Yunusların doğal yaşamlarında onlarla yüzme programları uygulanıyor. Sizce yunuslarla insanlar arasındaki ilişki için bu iyi bir şey mi?
Evet bu güzel bir şey. Ben bunu her zaman yapıyorum. Tabii rehberlerinizi izlemelisiniz, onları dinlemelisiniz. Çünkü böylece yunusların bölgelerine izinsiz girmemiş olursunuz.
 
Şu an Japon yunuslarının katliamıyla ilgili bir proje yürütüyorsunuz. Bu projeden biraz bahsedebilir misiniz?
Şu an dünyadaki en büyük yunus katliamını durdurmak için uğraşıyoruz. 20 binin üzerinde yunus insanlıktan uzak bir şekilde öldürüldü.
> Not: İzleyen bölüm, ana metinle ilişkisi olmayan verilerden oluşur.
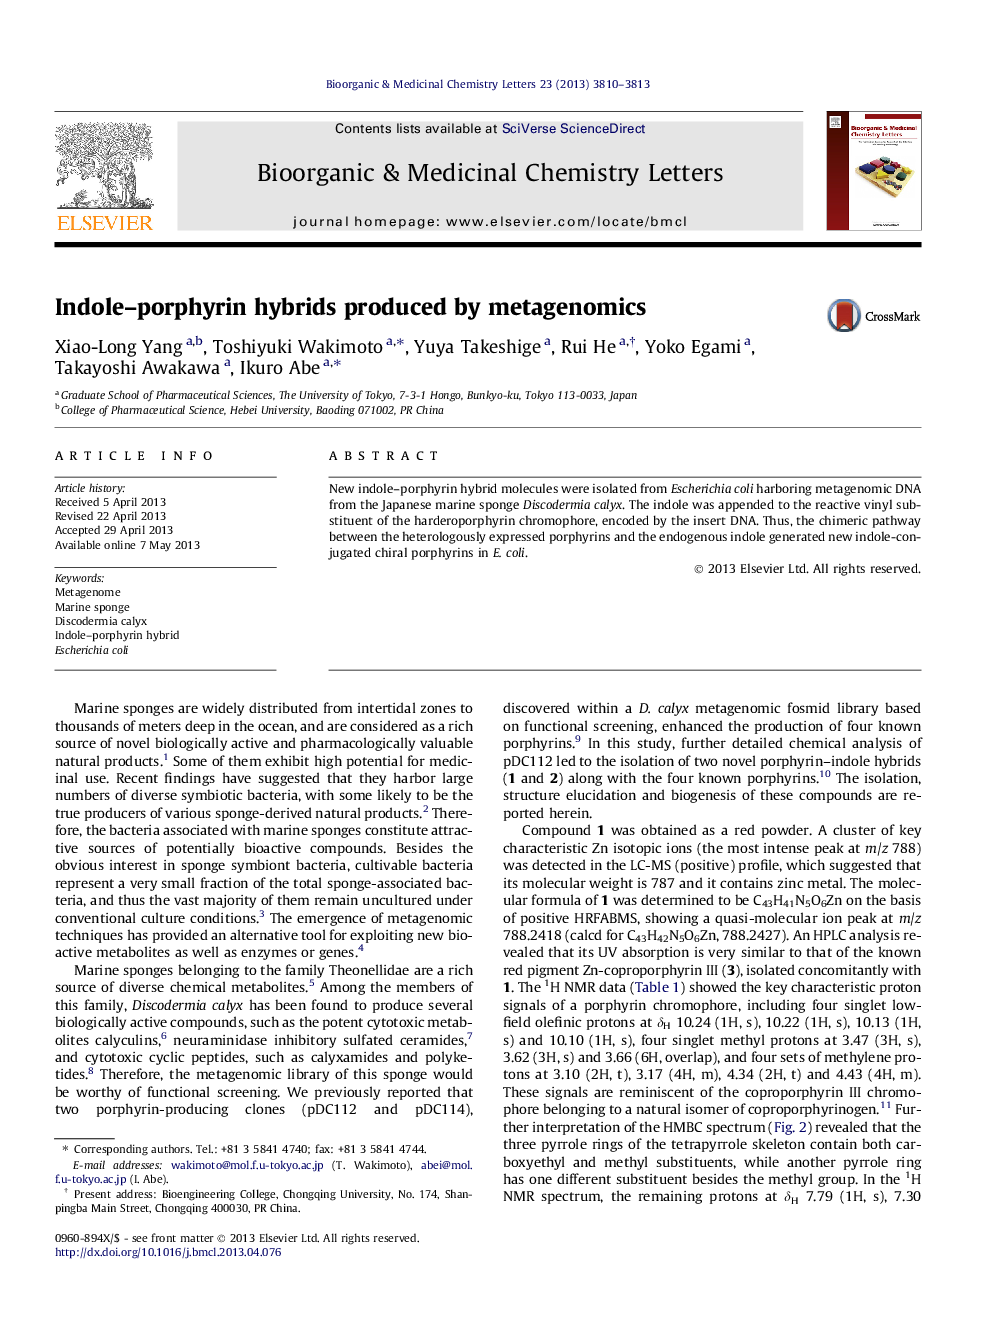 Indole-porphyrin hybrids produced by metagenomics

Yunus avcılarından yunuslarla yüzme programları, yunus destekli terapi programları ve yunus parkları için yunus yakalamaları isteniyor ve paralar ödeniyor. Bu devam ettikçe esarete dayalı bu sektör yunus kıyımını da beraberinde getiriyor. Japonya Taiji’de yakalanan 10 yunus da şov dünyasında kullanılmak üzere Türkiye’ye gönderildi. Daha fazla bilgi için www.SaveJapanDolphins.org bakabilirsiniz.
 
Bazıları yunusların yenilebilecek bir hayvan olduğunu, kimsenin onlara ne yiyip ne yemeyecekleri konusunda karşı çıkamayacağını söylüyor. Siz ne düşünüyorsunuz?
Evet bu doğru. Biz Japonlara ne yiyeceklerini ya da ne yemeyeceklerini söylemiyoruz. Biz sadece onlara bilmedikleri şeyleri gösteriyoruz. Yunus eti yüksek derecede toksik içeriyor. Yunus etinde cıva oranı çok yüksek. Bu da insanlar için son derece tehlikeli. Japon hükümeti ve medyası yunus ve balina hikayelerini tüm gerçekçiliğiyle yansıtmıyor. Bu medya karartması aslında ciddi bir problem. Peki Japon halkı, hükümetin ve medyanın bu sansürü sürdürdükleri sürece, cıva yüklü yunus etini tüketip tüketmemek konusunda nasıl doğru bir karar verecek?
 
İnsanlar yunusları korumak için neler yapmalılar?
Tutsak yunusların yaptıkları şovlar için bilet almayın. Eğer Japon Yunus Katliamını durdurmayı desteklemek istiyorsanız www.SaveJapanDolphins sitesinden Take Action bölümüne tıklayın.
 
Hayatınızı yunuslarla geçirmiş bir kişi olarak pek çok anınız olmalı.
En güzel anılarım Guatemala, Nikaragua, Haiti, Bahama Adaları ve Brezilya’nın ormanlarında gerçekleşti. Onları kurtardıktan sonra, özgür bırakmadan önce iyileşmelerini sağlamak amacıyla buralara getirdik. O yunusların, hayatlarını tekrar kendi kontrolleri altına almalarını, özgürlüğe yüzmelerini izlemek bizim için en büyük ödül. Bunun gibi başka bir şey yok. O günler çok sakin ve huzurlu günlerdi. En iyi hatıralarımı o günlerde yaşadım.